Féile Lúghnasa Festival: July 26th – 30th July 2018
Lúghnasa is a Celtic harvest festival that dates back 2,000 years. Revived in 1995, the Festival features music, children’s activities, stage dramas as well as many local traditions, including sheep shearing, a blessing of the boats at Brandon Pier, and a pilgrimage to the summit of Mount Brandon.
The schedule of events is available in all of the local bars, Siopa An Phobail, Information Centre Cloghane and at the Halla Le Chéile.
Activities throughout the four days feature a poker tournament, paddle boarding, swimming races, fancy dress, sandcastle-building competition, a stage drama that is created annually for the festival, several hill walks, and plenty of other activities to delight the whole family.
Central to Féile Lúghnasa is the pilgrimage to the summit of Mount Brandon. At 952 metres, it is the second highest mountain in Ireland and one of the finest hill walks in all of Ireland, featuring breathtaking views of the mountains and the sea. There are only three such pilgrimages at this time of year in Ireland, Mount Brandon being one of them.

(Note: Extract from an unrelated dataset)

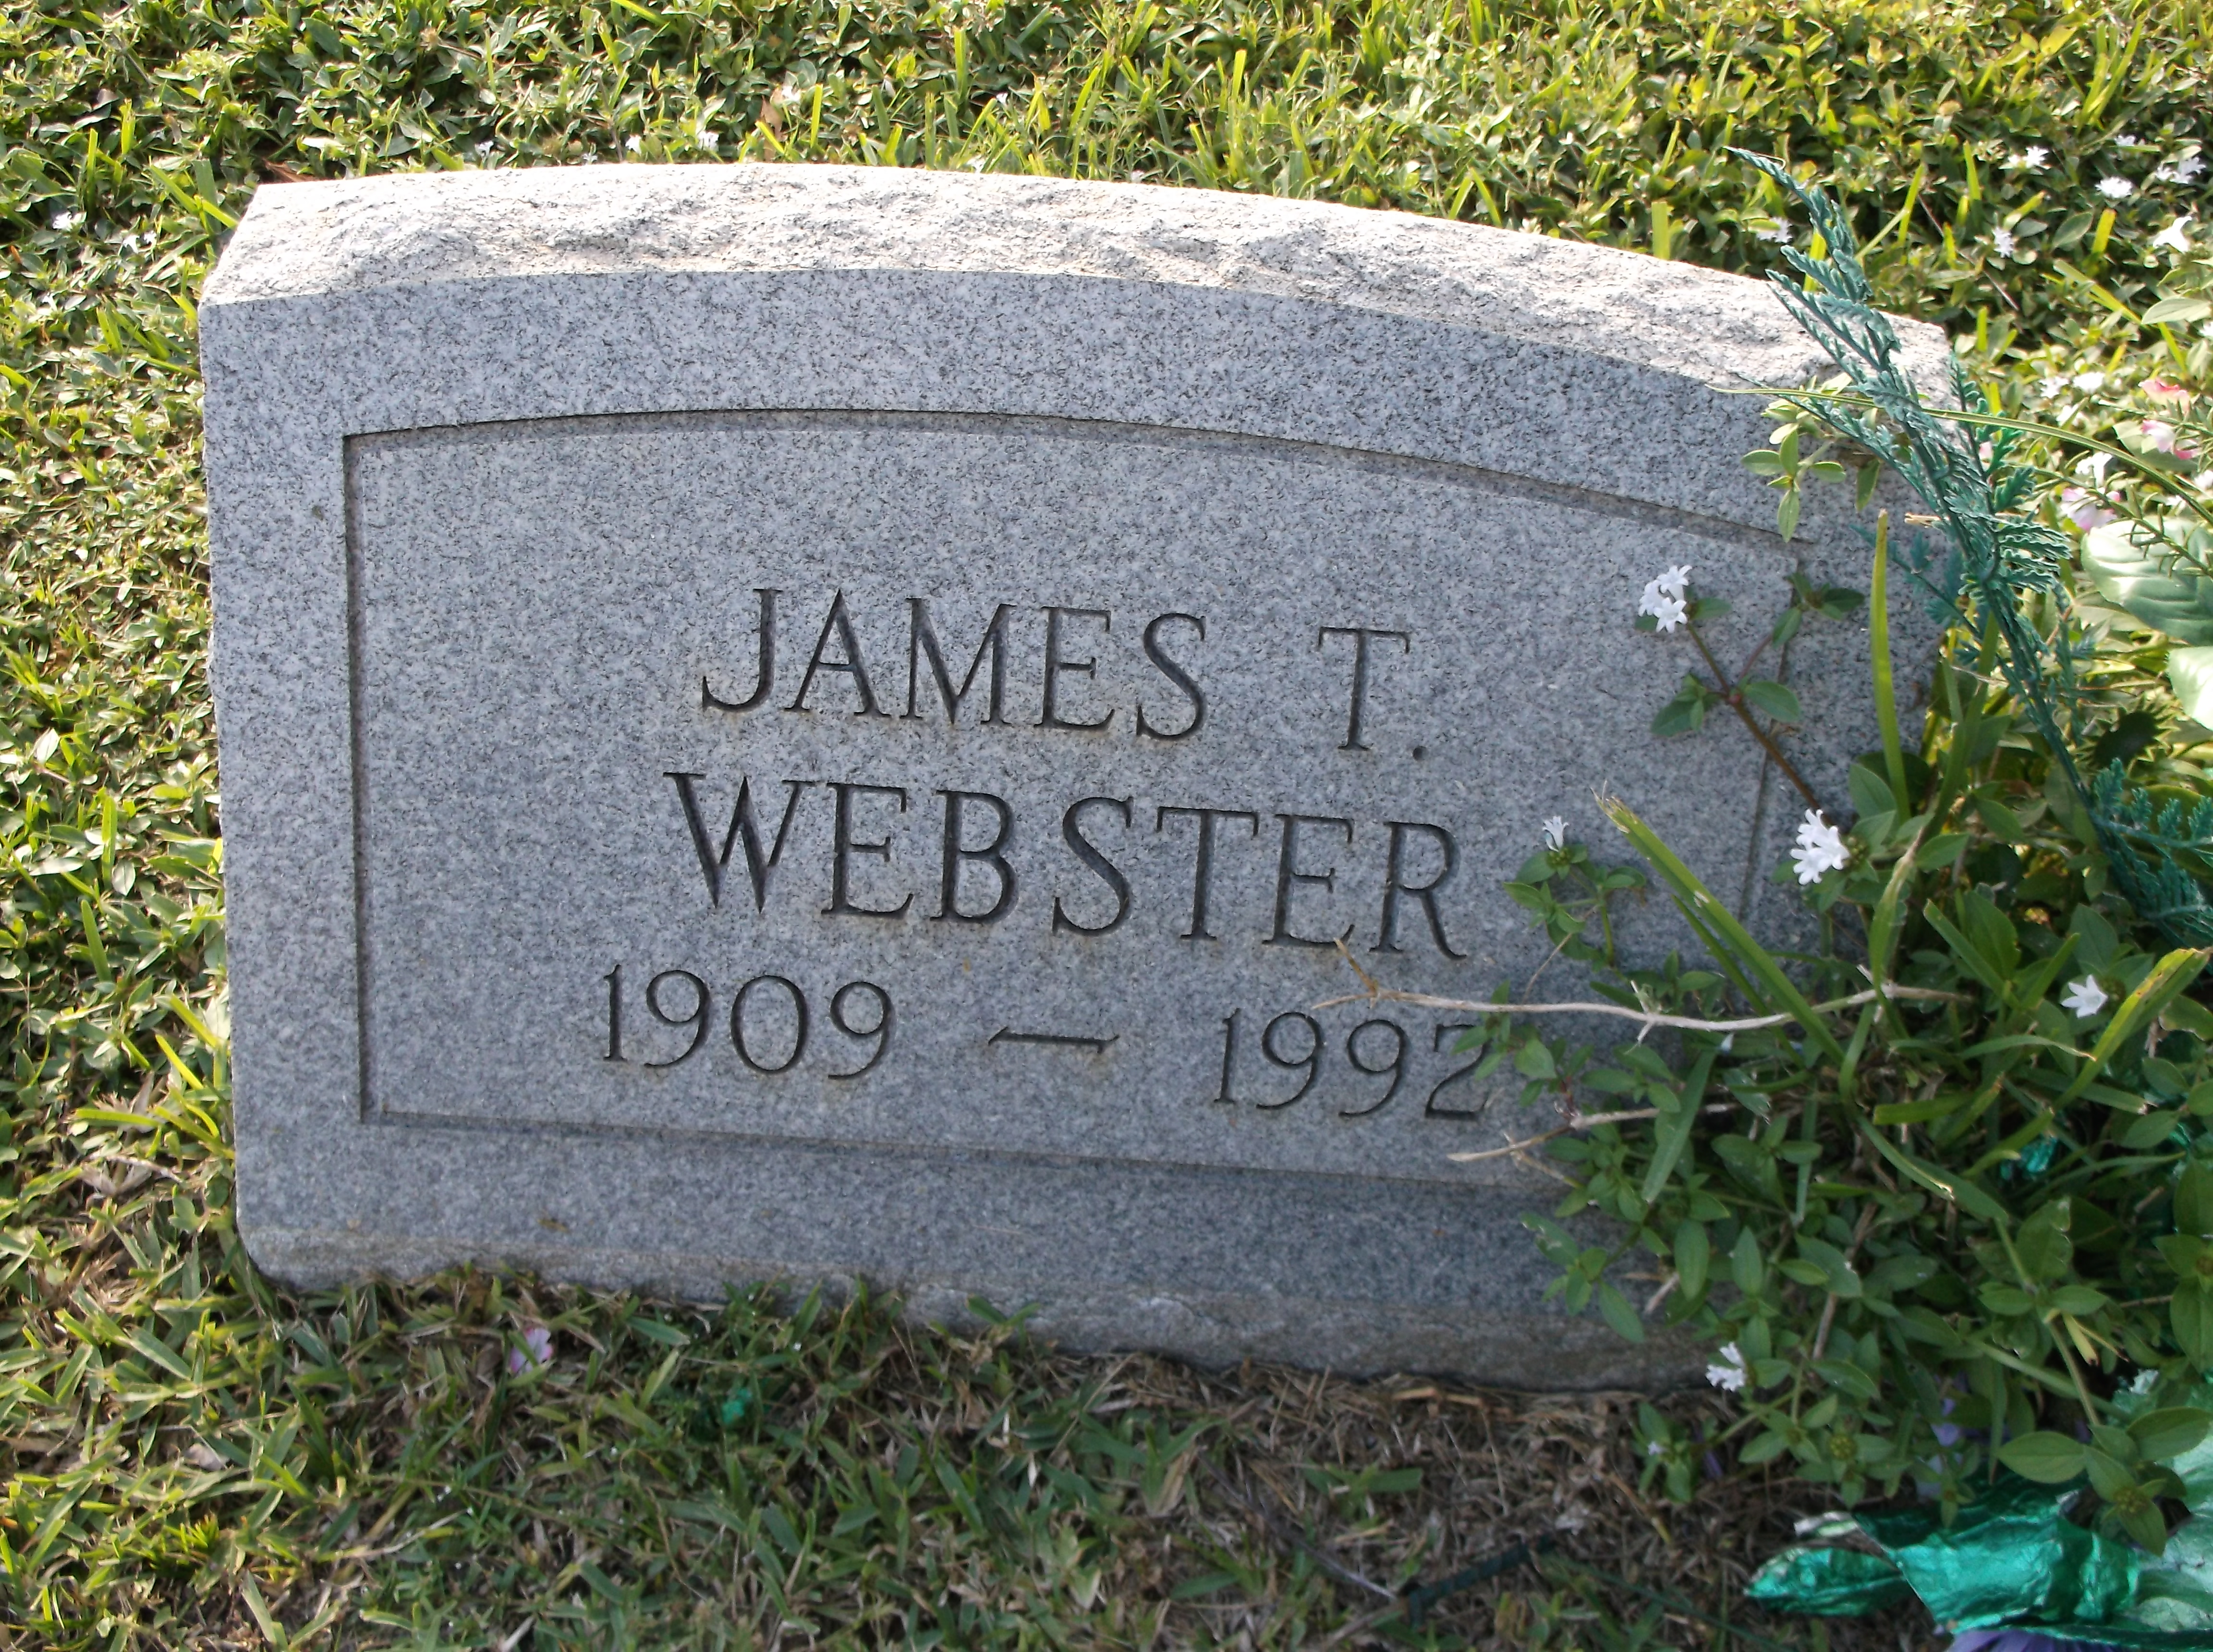 James T Webster

The first farmers in the region celebrated Lúghnasa with a solemn cutting on the first corn and offering to the deity by burying it at the top of Mount Brandon. All would have then participated in a meal of the new food. The sacrifice of a sacred bull may have taken place followed by a feast of its flesh, some rite with the bulls hide, a ritual dance play and struggle for supremacy with victory symbolised by the installation of the stone head of Crom Dubh on Brandon’s summit and a ceremony of triumph over it by an actor chosen to represent Crom’s adversary, Lugh.
Pilgrims follow the well-trodden path from the grotto at Faha, angling upwards across the hill and passing Benagh Promontory Fort, above to the right. At the entrance to the Coom, the path becomes stonier with a steep drop to the left. Near the head of the valley, the river is crossed at the marked point, the path then winds between the highest lakes at the foot of the Esk, a steep section leading to the saddle. It is here on clear days gives the most fantastic views of the magnificent coastal scenery on the western side of the mountain. From the saddle, pilgrims turn left at the top. The remains of an early Christian hermitage, attributed to St. Brendan, crown the summit.